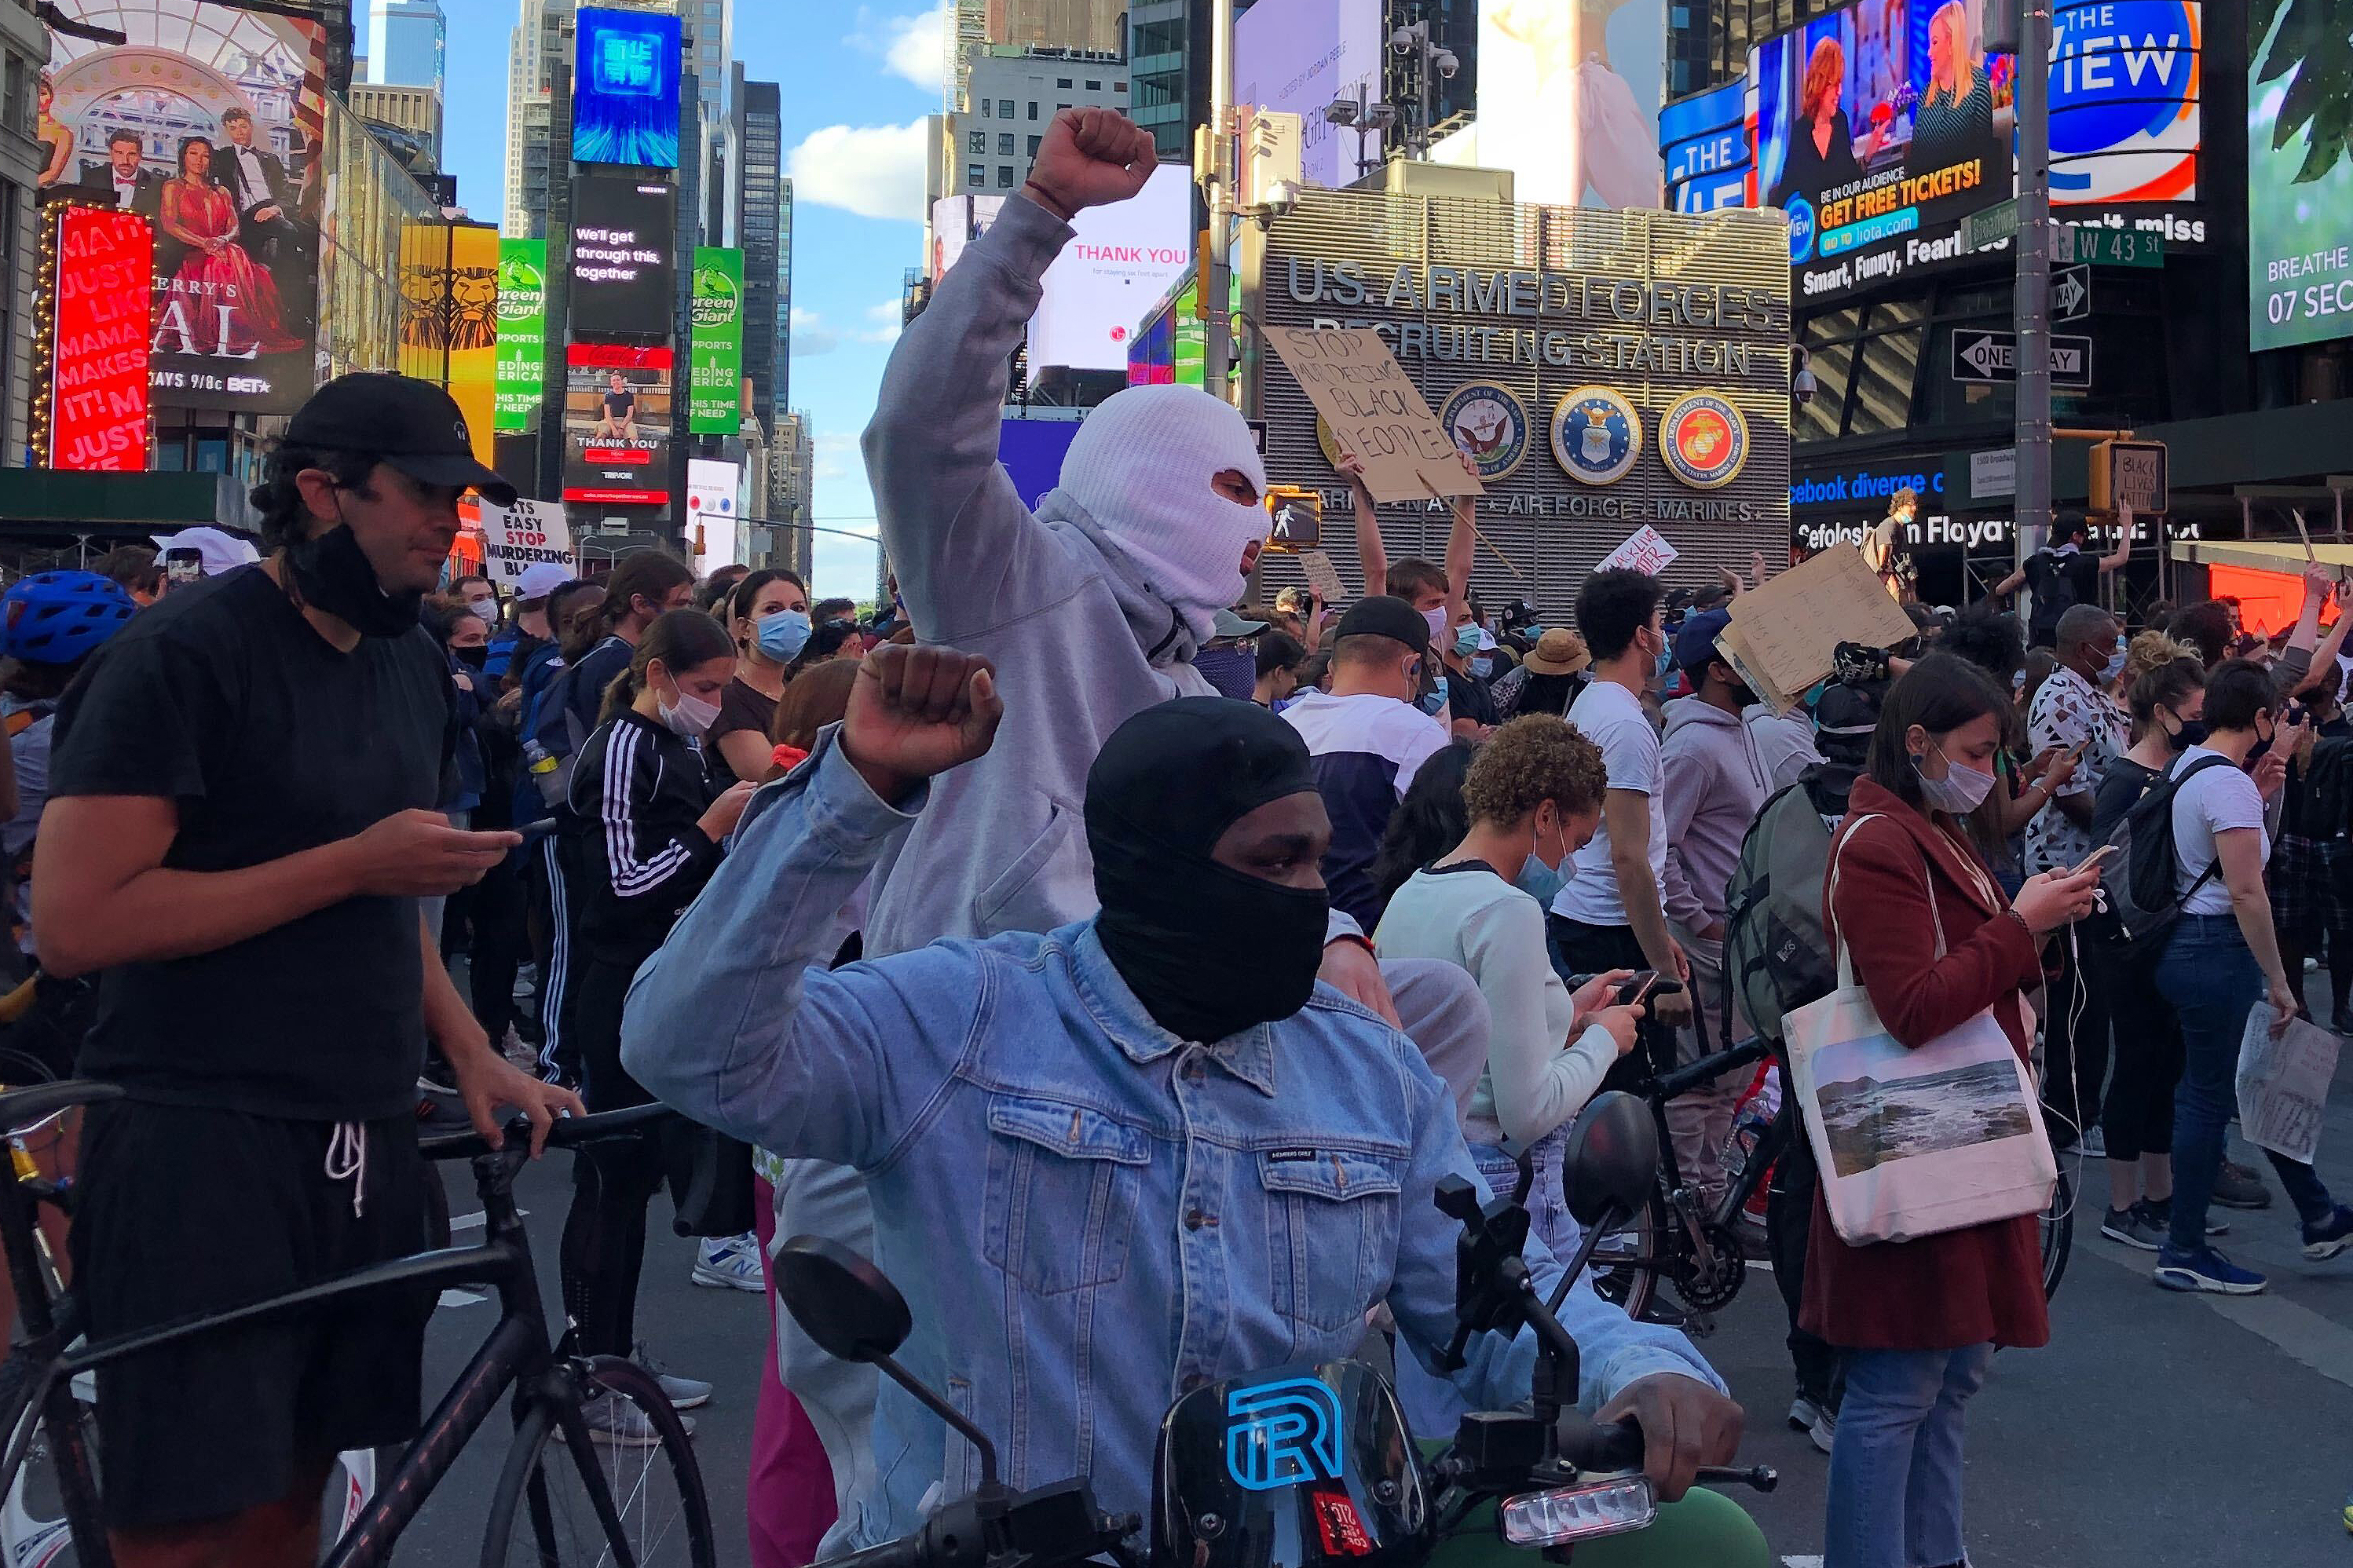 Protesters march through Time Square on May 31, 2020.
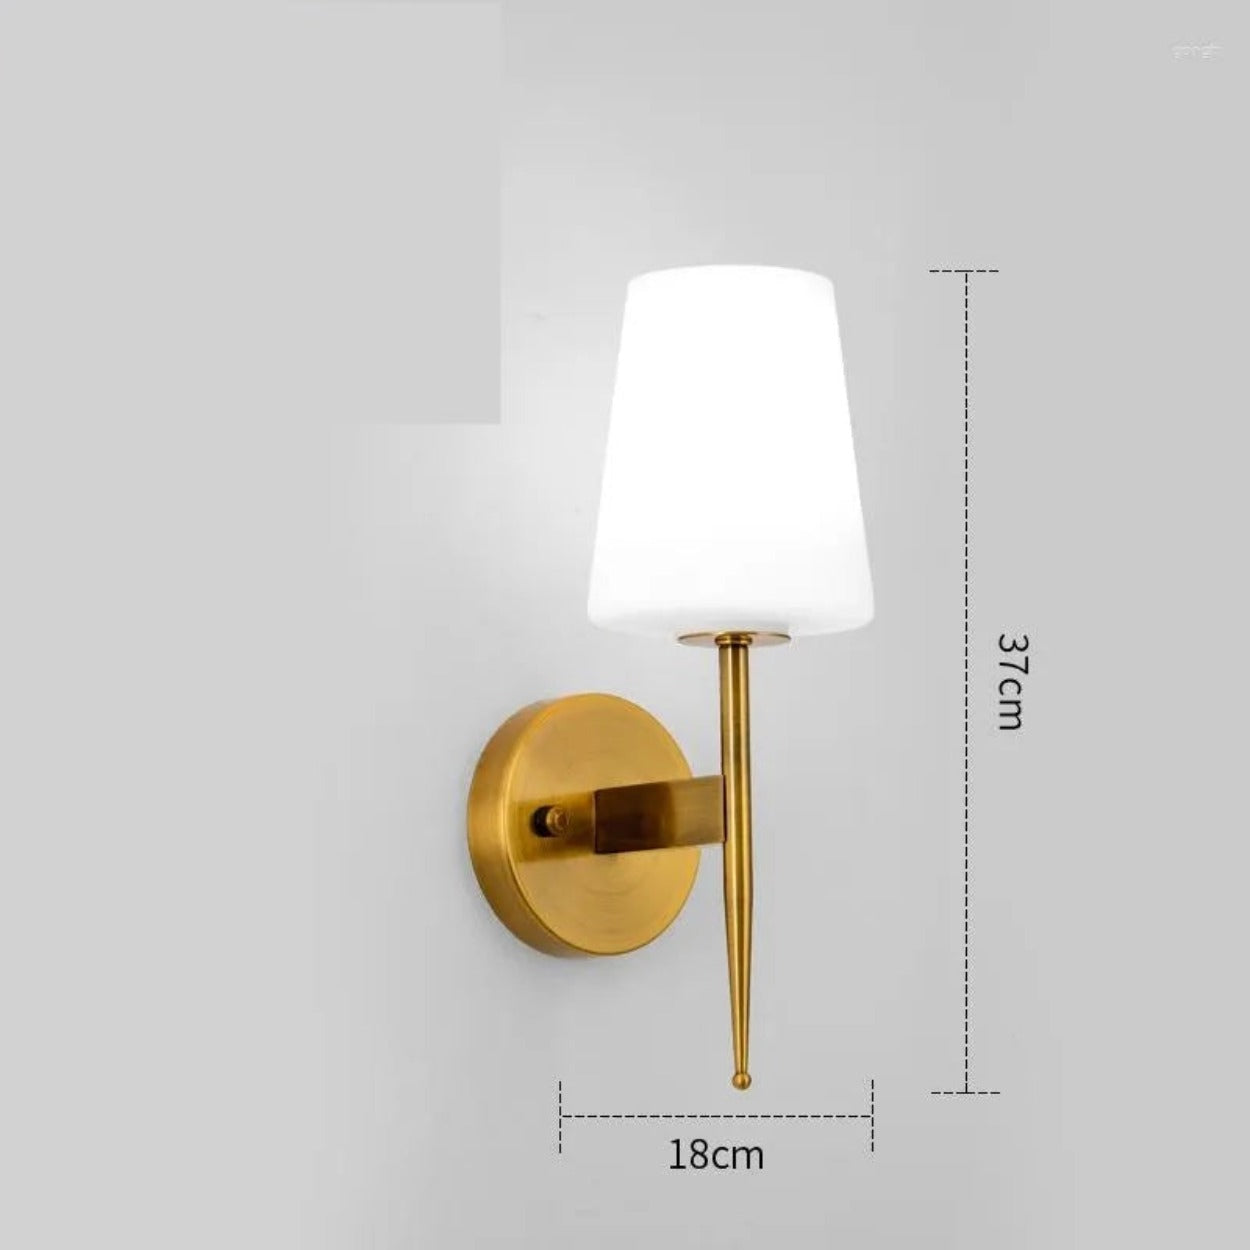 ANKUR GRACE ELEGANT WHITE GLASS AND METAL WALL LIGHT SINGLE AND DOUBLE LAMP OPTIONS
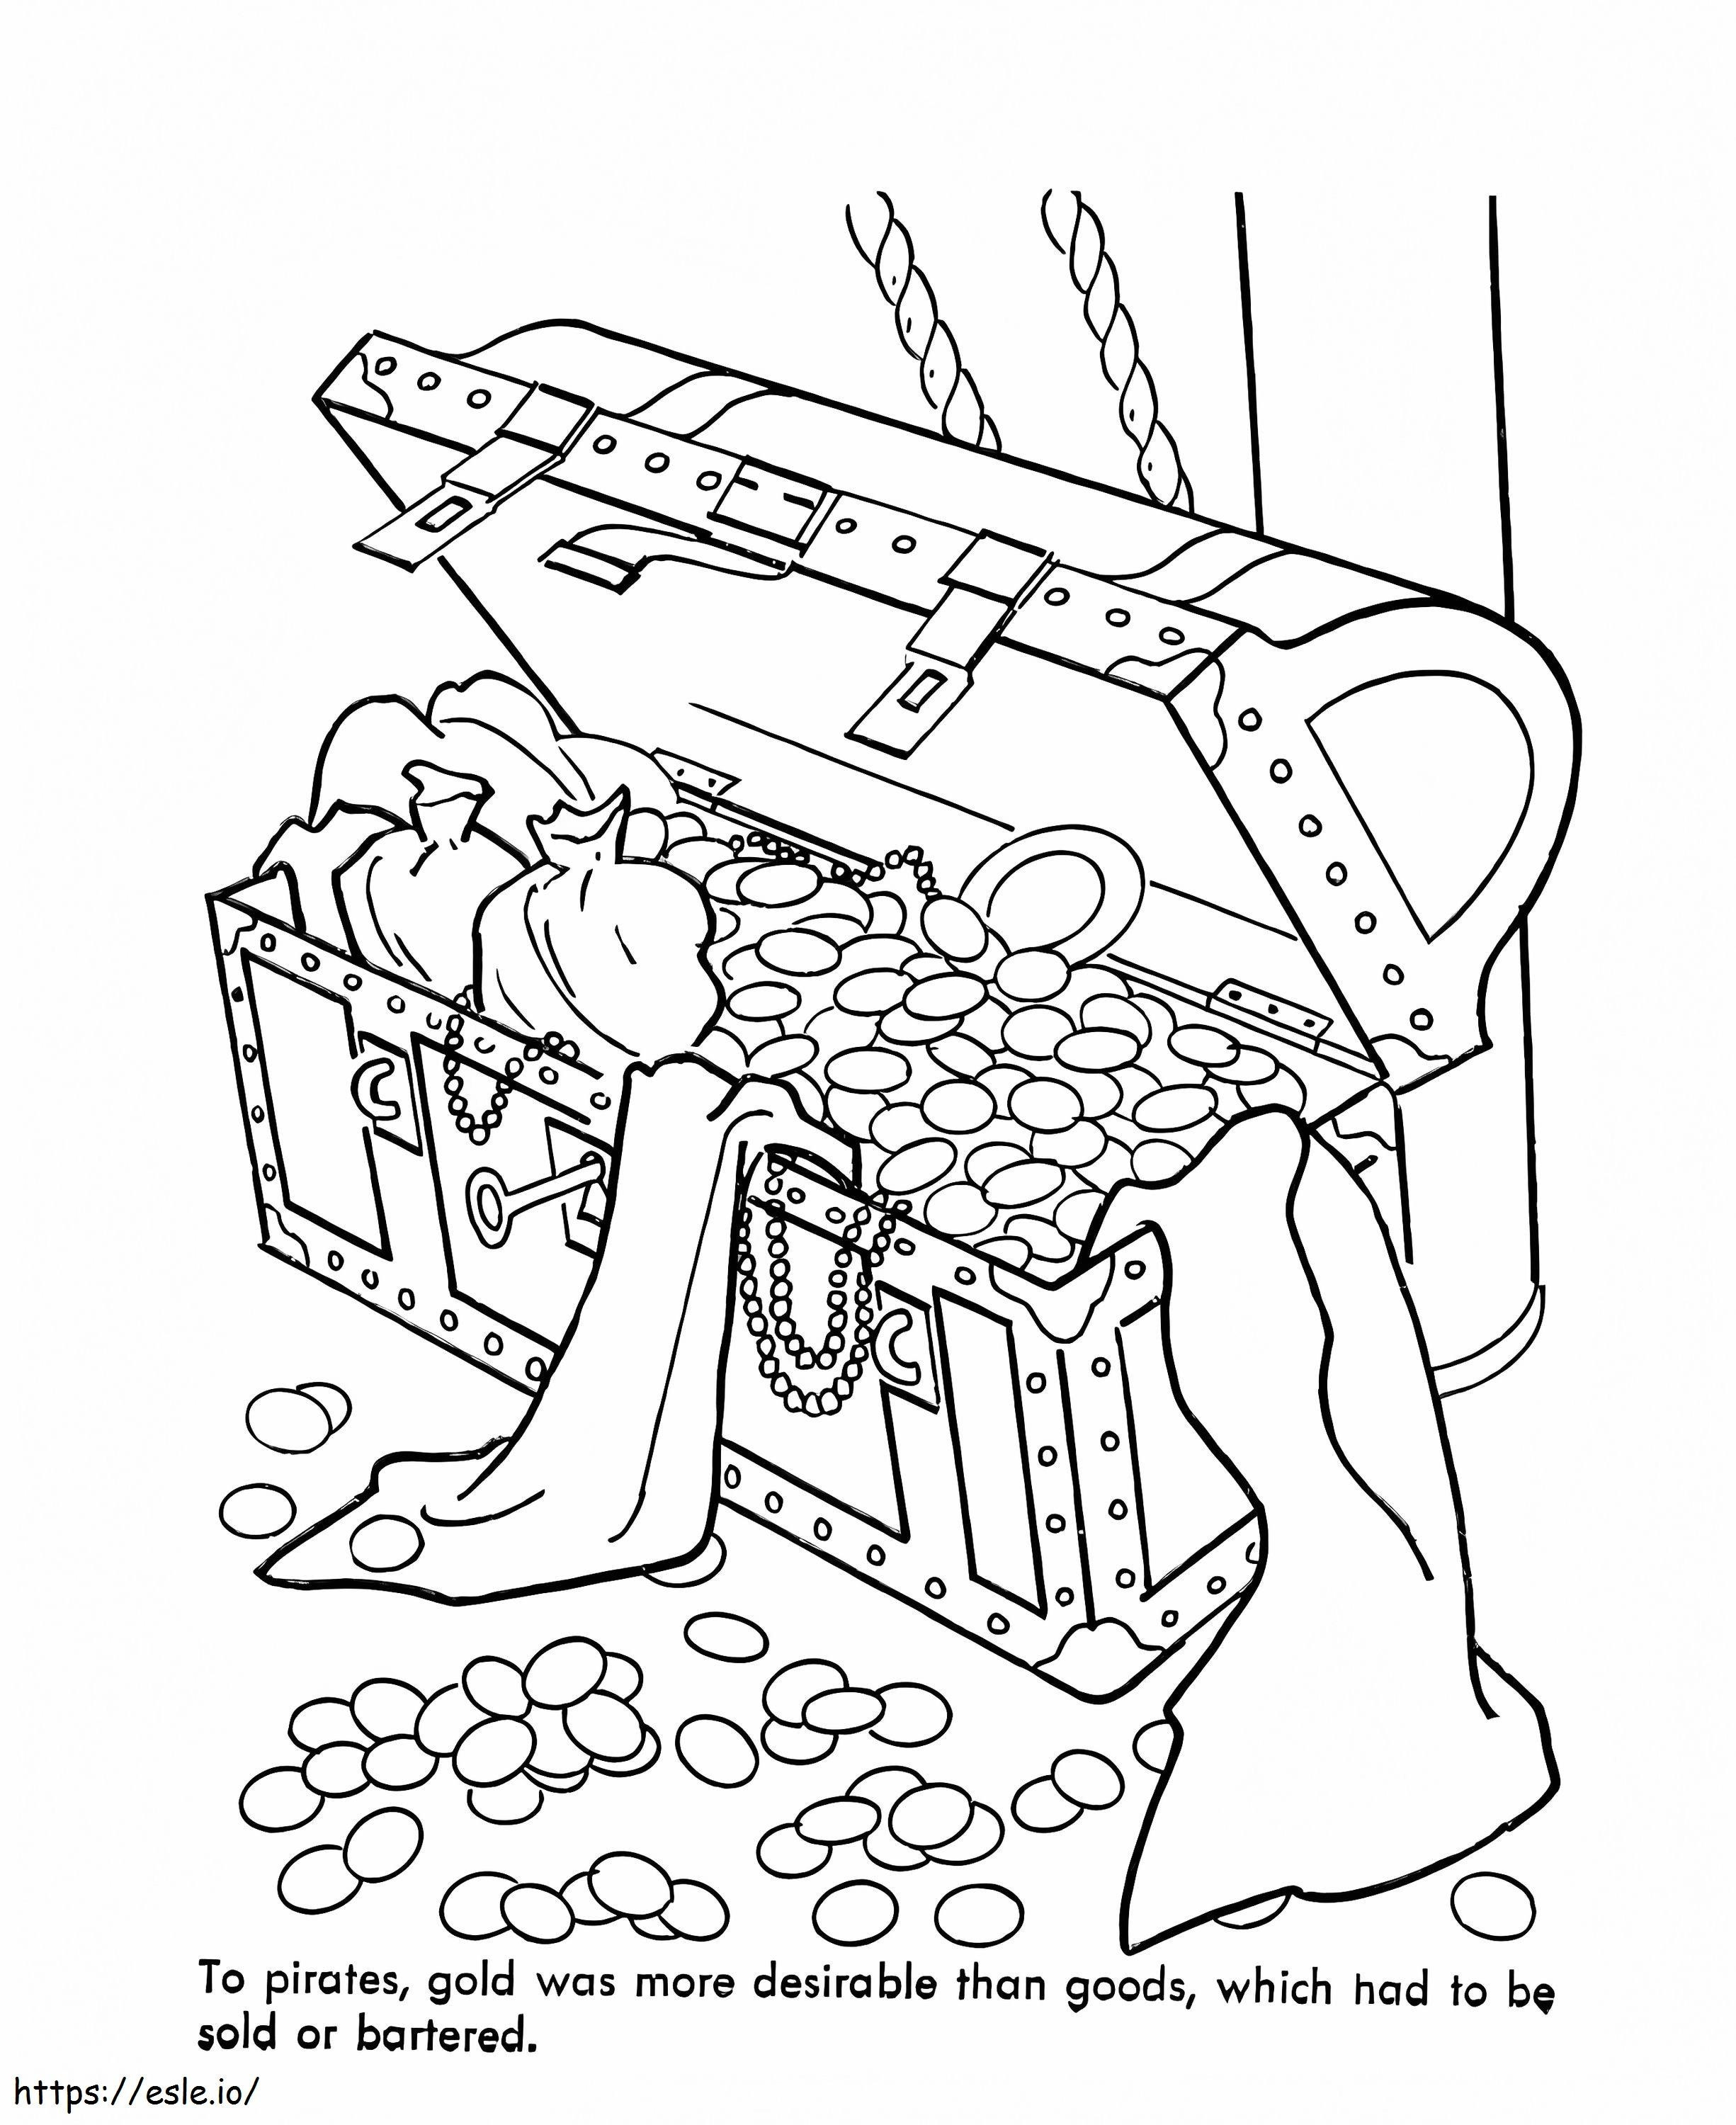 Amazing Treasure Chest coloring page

REQUIRED WORK
Transcribe exactly, and without any pictures, each line from the one that holds "ANKUR GRACE ELEGANT" through the final line of the material above.

RESULT BELOW
 ANKUR GRACE ELEGANT WHITE GLASS AND METAL WALL LIGHT SINGLE AND DOUBLE LAMP OPTIONS
 Amazing Treasure Chest coloring page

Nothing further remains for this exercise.